Note [188] page 122. The allusion is of course to Bibbiena’s early baldness.
Note [189] page 122. Cardinal Galeotto della Rovere, (born about 1477; died 1508), was the favourite nephew of Julius II, being a son of the pope’s sister Luchina by her first husband Gianfrancesco Franciotti, a patrician of Lucca. Like all his mother’s other children, he was adopted as of the della Rovere name. Having been made Bishop of Lucca, he was created a cardinal on his uncle’s election as pope, appointed pontifical vice-chancellor, and soon given a great number of benefices. Generous and amiable, and a patron of artists and authors, he was much beloved at the court of Urbino, as is shown by several documents, among which is a letter by Emilia Pia mentioning two sonnets of his, in one of which (written the day before his last illness) he foretold his early death.

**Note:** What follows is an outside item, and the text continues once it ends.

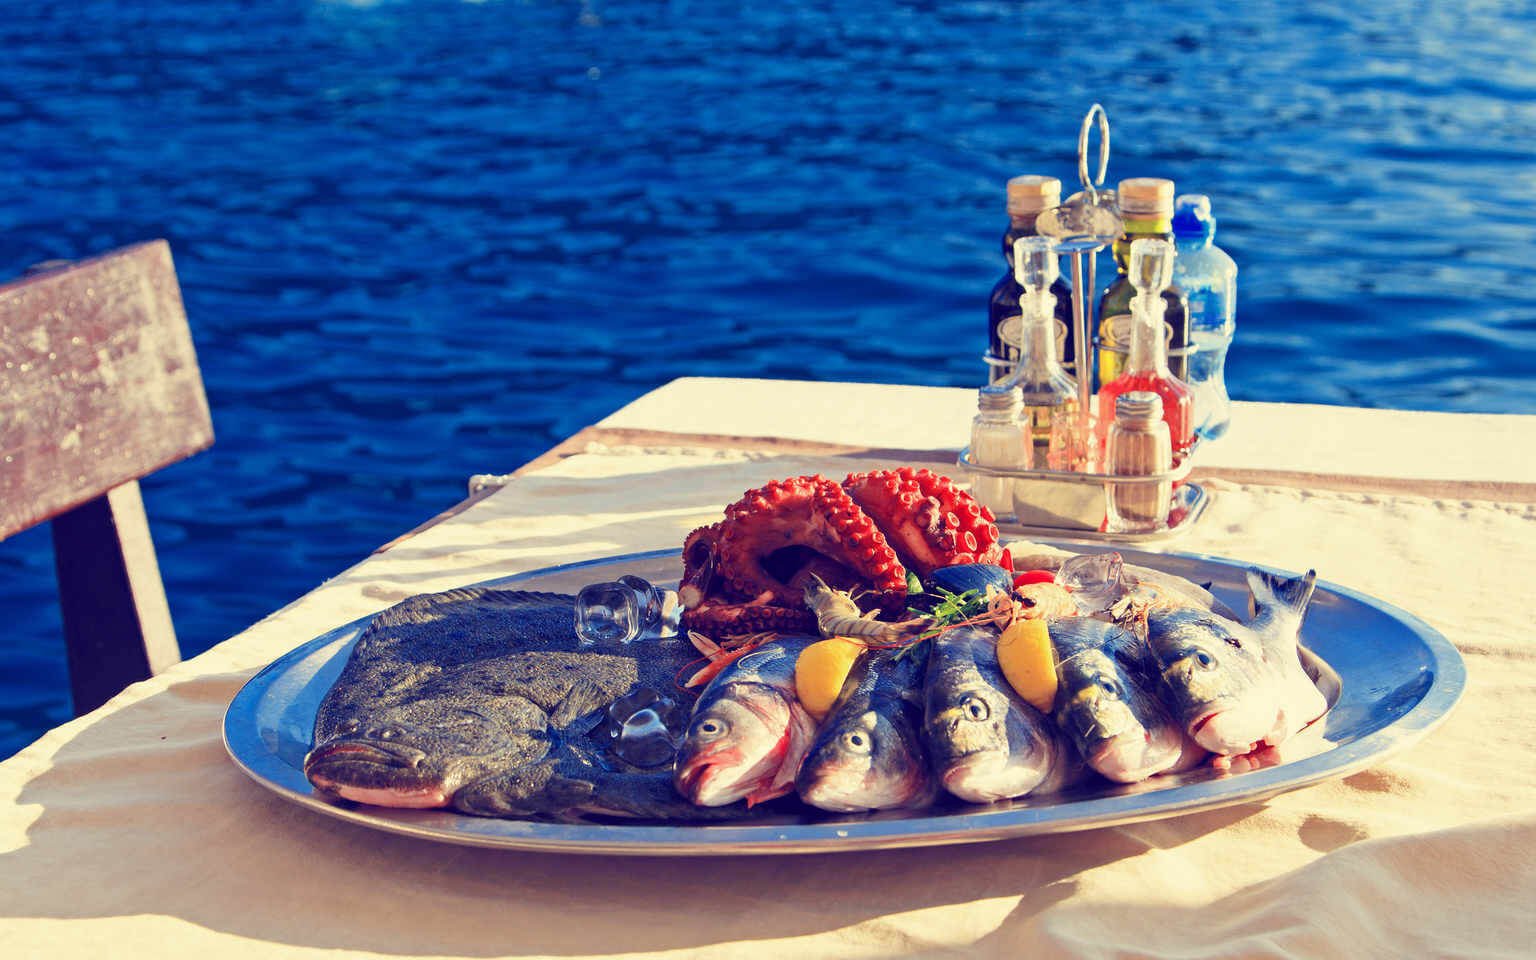 Средиземноморская кухня

Note [190] page 123. Giacomo Sansecondo, a noted musician who flourished between the years 1493 and 1522 at the courts of Milan, Mantua, Ferrara, Urbino and Rome, where he attained a wide celebrity in the pontificate of Leo X. He seems to have ended his days in adversity, in some degree relieved by his friend Castiglione, whose letters contain several affectionate mentions of him.
Note [191] page 124. Democritus, (flor. 400 B.C.), was the atomistic philosopher of Abdera in Thrace. He possessed an ample fortune, and his cheerful disposition led him to look on the bright and humourous side of things, a fact taken by later writers to mean that he laughed at the follies of mankind.

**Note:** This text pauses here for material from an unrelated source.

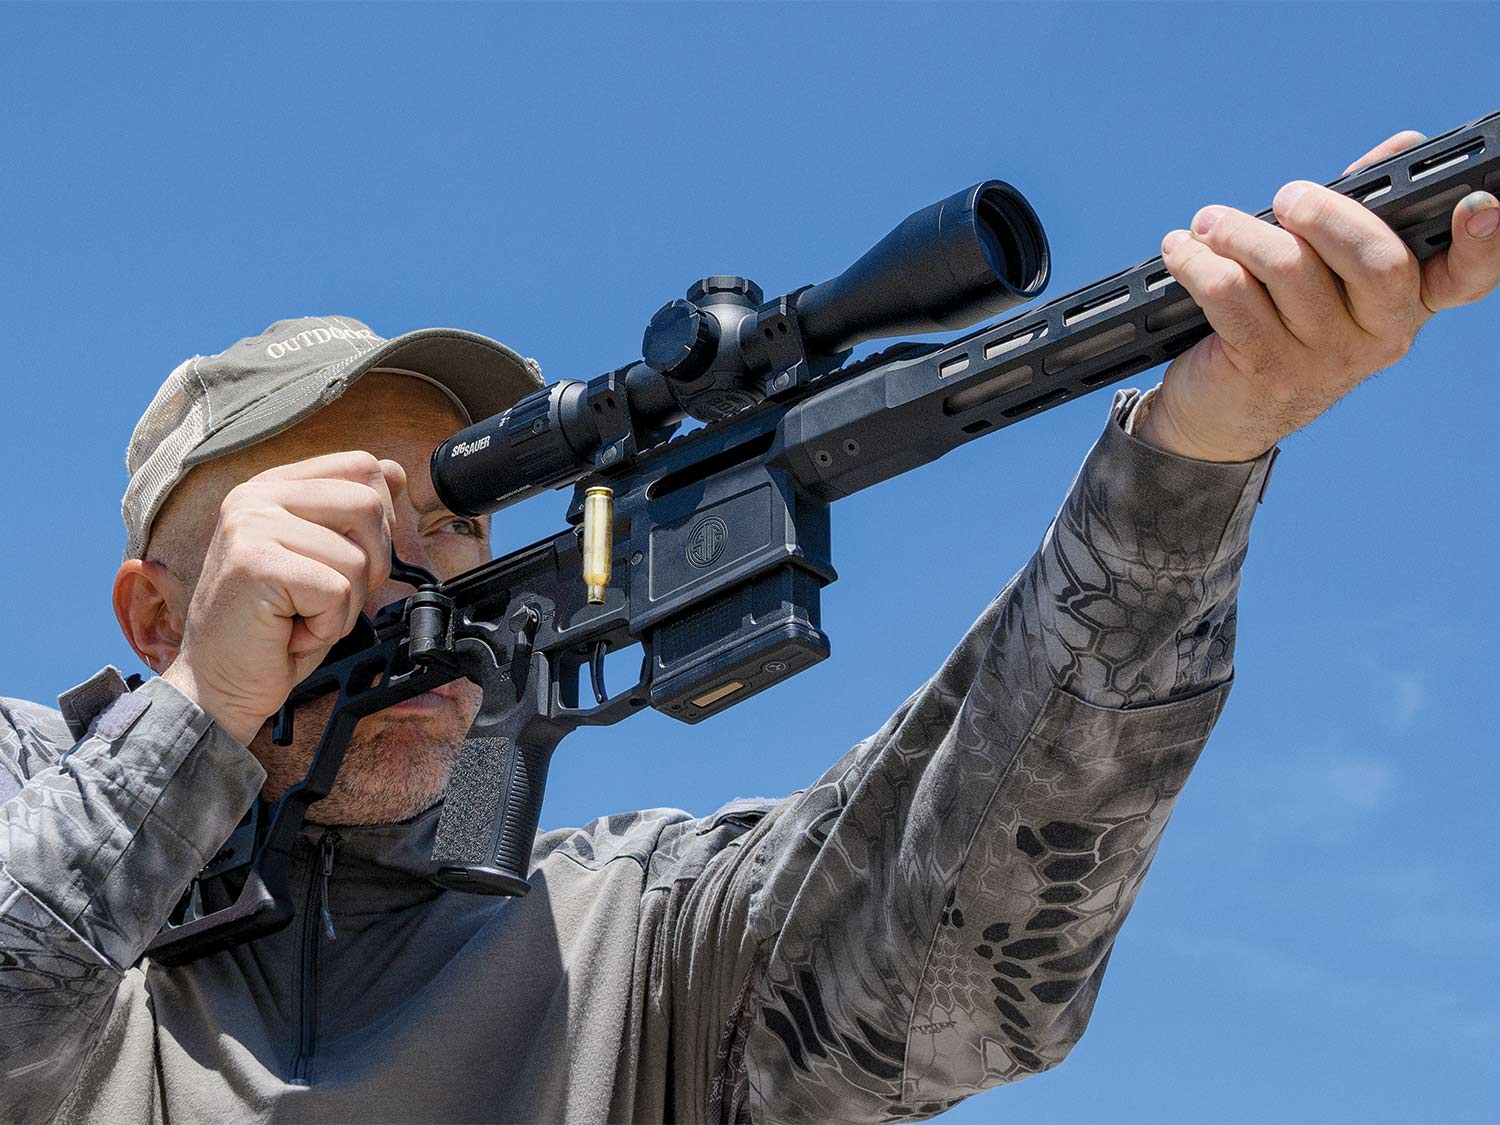 A man in a cap aims a Sig Sauer SIG Cross rifle during a gun test.

Note [192] page 125. The phrase ‘served her in love’ and the conventional relation that it denoted, were drawn from mediæval life and literature north of the Alps, and with some changes survived in Italy during the Renaissance, until the cavalier servente became in the 18th century a recognized institution. Attendance upon the lady at church was a characteristic feature of the cavalier’s service.
Note [193] page 126. Pius III, Francesco Todeschini, (born 1439; died 1503), was a native of Siena and a nephew of the illustrious Æneas Silvius Piccolomini (Pius II). The suddenness of his predecessor Alexander VI's death took the sacred college by surprise, and they unanimously elected their weakest member as pope. His short pontificate of twenty-six days was filled with disturbances, and he was believed to have died from poison.
Note [194] page 126. Antonio Agnello, (died after 1527), belonged to one of the most noted families of Mantua, and seems to have been the son of Giulio Agnello and Margarita Crema. Besides being an able man of affairs (employed by the Palæologus rulers of Montferrat), he was a graceful poet, and became the friend of Bembo and Castiglione.